Jokes aside, many of us have struggled with this dilemma. Grades are important but so are your relationships. Finding time for a significant other while staying on top of school work is hard, no matter which way you slice it.
Before getting serious with someone, ask yourself, "Is that romance in the air…or just the sweet smell of french fries?" It's important to gauge your interest in the other person, before making too many lifestyle changes. Is this relationship founded on love and mutual respect, or on a craving for companionchip? If you find that you desire the relationship more than you are devoted to it, you're probably better off focusing on your schoolwork. But if you've been going steady and you're willing to poutine the effort, a relationship can be tüber rewarding.
While juggling a boyfriend and books is not as easy as juggling taters, try these tips to make it just as much fun!
Make a schedule. It's a lot easier to organize your time when you have a clear plan. Sync your Google calendars, but be realistic about how much time you can spend together. It's helpful to know one another's agenda so that you don't text your boyfriend during class or stop by his room when he's interning at the lab. Remember to leave room in your schedule for movie nights with friends or your favorite yoga class.
Prioritize. Schoolwork will sometimes get in the way of your relationship. If you aren't flexible, this can be really stressful. Despite your best efforts to plan ahead, things happen. When unexpected assignments pop up or deadlines change, try studying together and interspersing work time with relationship time! Ultimately, you came to Columbia for an education and in the battle of books vs. boyfriends, books have to win!
Communicate. You will inevitably experience frustration with your workload, and that stress can create tension in your relationship. Remember that you can't solve a problem if you don't communicate with your partner. When you are feeling overwhelmed, let your boyfriend know. Instead of pushing him away or acting cold toward him emotionally, ask him to support you—this will make him feel comfortable doing the same. Remember that the best support is subtle or "invisible." Giving help behind the scenes will boost your partner's mood without making him feel indebted to you.

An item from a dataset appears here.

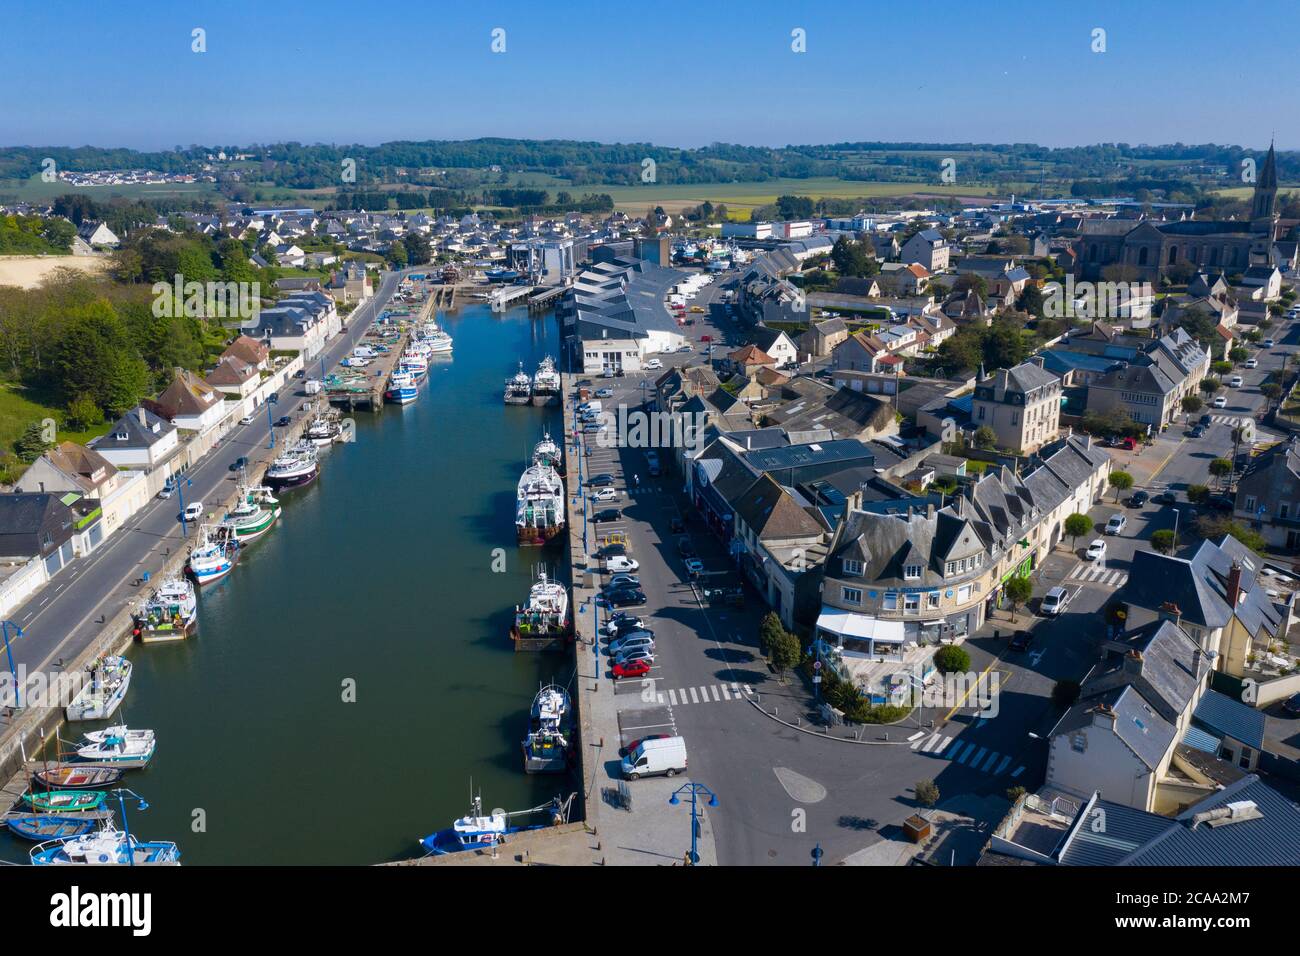 Vue aérienne de la ville de Port-en-Bessin et de son port. Saint-Martin est une commune française, située dans le département du Calvados et la région Basse-Normandie Banque D'Images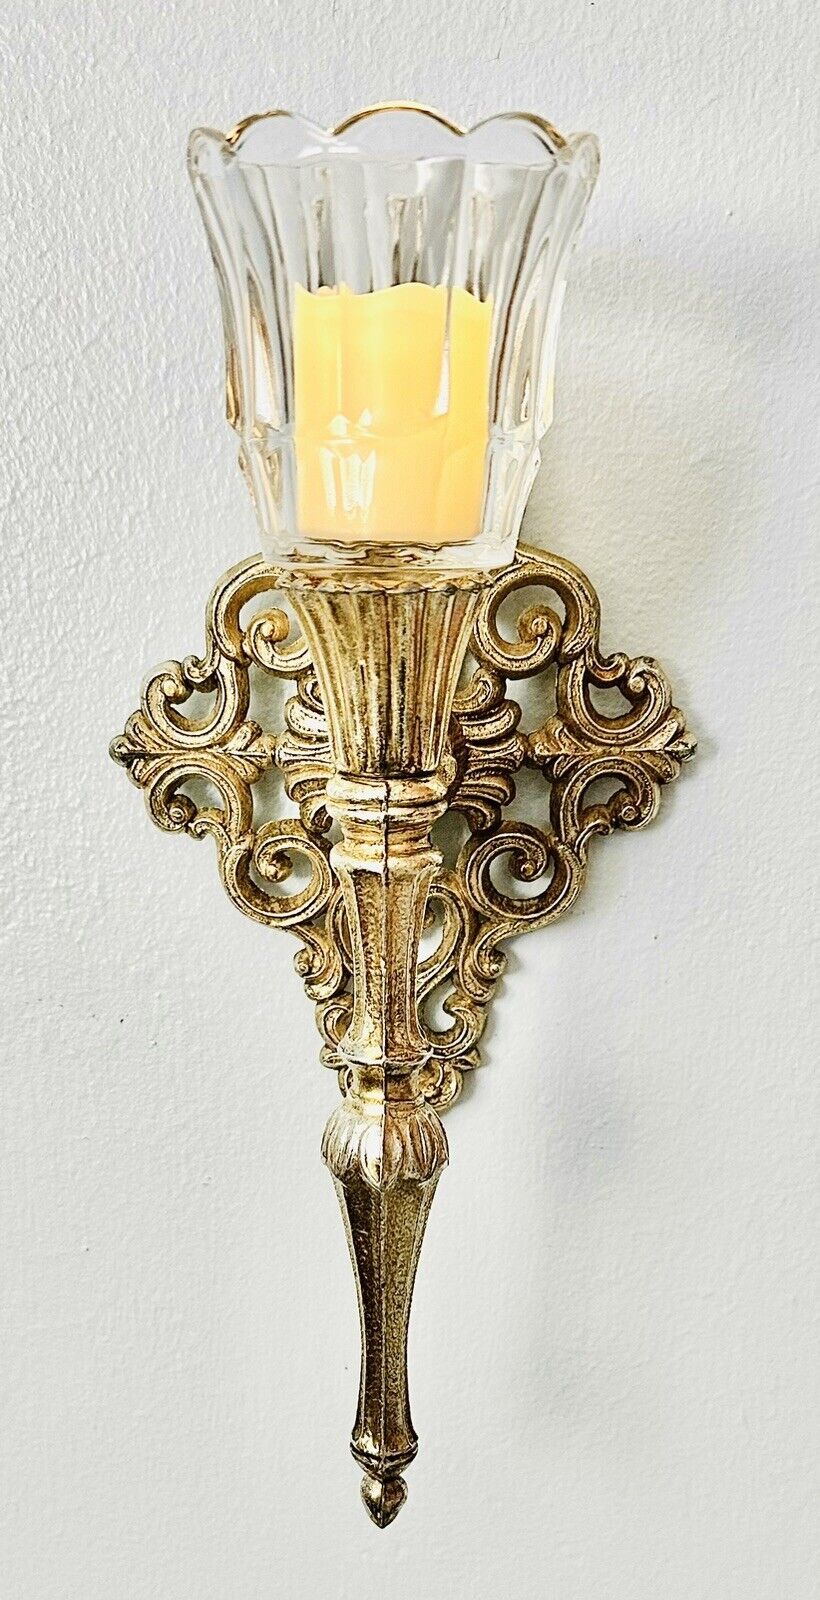 Vintage Hollywood Regency Cast Metal Gold Wall Sconce Candle Holder W/Votive

Be inventive. A date doesn't have to be elaborate or expensive. Some of the best and most memorable dates are simple. Spice up dining hall meals together by taking them to go for a picnic in Riverside Park. Add some flavor to your study routine by getting off campus and trying a new coffee shop or café together!
Using a little creativity and forethought, it's completely possible to have a successful relationship without feeling like you're wedged between spending time together and spending time on your studies.